=== Begin Enclosure ===

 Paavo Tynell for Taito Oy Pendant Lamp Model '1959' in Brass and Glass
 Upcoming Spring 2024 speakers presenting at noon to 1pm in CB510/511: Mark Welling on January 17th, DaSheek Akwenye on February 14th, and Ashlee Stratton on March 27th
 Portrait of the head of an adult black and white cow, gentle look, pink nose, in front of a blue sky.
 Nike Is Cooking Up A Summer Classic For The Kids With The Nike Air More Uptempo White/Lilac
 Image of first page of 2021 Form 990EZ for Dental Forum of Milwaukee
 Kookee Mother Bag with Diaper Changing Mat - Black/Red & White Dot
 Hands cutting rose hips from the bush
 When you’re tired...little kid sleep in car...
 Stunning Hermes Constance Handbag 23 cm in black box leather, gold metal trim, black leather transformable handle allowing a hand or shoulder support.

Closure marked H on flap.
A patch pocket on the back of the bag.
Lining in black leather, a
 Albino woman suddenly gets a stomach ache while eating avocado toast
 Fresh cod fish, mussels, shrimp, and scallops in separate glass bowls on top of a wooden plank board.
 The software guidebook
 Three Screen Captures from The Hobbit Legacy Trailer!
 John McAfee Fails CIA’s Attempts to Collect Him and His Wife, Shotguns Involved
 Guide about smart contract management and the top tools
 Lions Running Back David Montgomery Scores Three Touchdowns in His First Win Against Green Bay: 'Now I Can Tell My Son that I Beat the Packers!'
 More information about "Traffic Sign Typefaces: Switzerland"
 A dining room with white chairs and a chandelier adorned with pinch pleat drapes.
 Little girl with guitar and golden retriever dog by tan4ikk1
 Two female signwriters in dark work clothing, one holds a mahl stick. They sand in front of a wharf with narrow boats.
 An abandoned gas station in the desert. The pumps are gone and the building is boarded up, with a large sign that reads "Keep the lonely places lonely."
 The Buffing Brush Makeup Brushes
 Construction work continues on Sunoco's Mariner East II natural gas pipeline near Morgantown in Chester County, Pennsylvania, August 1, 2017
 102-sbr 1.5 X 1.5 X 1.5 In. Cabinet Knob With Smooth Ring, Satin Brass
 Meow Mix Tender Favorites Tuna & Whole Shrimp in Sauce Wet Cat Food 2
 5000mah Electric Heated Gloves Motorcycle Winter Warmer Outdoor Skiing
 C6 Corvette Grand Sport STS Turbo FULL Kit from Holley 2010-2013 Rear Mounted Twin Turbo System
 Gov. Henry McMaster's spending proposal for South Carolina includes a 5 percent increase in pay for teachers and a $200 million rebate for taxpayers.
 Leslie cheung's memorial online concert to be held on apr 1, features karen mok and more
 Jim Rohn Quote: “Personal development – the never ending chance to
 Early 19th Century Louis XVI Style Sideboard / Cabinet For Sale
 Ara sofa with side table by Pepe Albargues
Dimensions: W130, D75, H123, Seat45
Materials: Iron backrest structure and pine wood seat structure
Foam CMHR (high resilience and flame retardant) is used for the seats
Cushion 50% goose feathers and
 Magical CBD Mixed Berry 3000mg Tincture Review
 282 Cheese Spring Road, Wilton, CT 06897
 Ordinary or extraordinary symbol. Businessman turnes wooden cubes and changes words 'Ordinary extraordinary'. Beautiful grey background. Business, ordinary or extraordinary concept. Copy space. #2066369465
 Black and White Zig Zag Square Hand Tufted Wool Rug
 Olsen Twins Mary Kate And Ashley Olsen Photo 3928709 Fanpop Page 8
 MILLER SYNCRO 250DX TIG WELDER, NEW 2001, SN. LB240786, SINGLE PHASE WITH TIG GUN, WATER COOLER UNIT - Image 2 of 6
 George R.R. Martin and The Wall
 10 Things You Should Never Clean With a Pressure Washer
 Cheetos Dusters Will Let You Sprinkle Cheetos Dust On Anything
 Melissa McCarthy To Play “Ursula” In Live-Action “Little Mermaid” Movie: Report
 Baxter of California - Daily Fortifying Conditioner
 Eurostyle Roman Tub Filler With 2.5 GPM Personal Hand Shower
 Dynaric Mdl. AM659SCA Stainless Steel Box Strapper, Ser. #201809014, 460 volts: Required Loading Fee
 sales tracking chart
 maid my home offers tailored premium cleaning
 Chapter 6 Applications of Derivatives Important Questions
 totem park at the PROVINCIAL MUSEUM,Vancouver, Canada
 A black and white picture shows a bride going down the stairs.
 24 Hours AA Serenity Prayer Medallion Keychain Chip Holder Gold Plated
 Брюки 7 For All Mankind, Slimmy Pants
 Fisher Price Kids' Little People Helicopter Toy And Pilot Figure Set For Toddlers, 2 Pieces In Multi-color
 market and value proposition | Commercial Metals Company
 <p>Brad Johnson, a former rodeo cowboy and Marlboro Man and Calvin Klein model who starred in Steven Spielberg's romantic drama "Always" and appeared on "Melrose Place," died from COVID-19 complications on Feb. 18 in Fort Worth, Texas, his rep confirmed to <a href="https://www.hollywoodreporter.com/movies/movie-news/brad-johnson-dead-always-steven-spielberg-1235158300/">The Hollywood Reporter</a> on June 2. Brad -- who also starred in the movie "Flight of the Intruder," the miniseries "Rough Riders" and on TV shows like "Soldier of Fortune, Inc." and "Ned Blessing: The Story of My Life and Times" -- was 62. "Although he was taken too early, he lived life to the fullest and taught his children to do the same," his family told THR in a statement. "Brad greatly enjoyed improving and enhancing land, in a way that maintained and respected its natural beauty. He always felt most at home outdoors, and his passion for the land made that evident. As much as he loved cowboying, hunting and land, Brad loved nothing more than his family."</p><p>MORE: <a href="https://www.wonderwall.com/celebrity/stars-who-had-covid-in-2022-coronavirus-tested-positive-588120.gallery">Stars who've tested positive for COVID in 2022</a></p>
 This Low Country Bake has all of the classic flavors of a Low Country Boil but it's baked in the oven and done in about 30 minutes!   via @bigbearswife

=== End Enclosure ===

Copy each line of the data that contains the word "Personal".

 Jim Rohn Quote: “Personal development – the never ending chance to
 Eurostyle Roman Tub Filler With 2.5 GPM Personal Hand Shower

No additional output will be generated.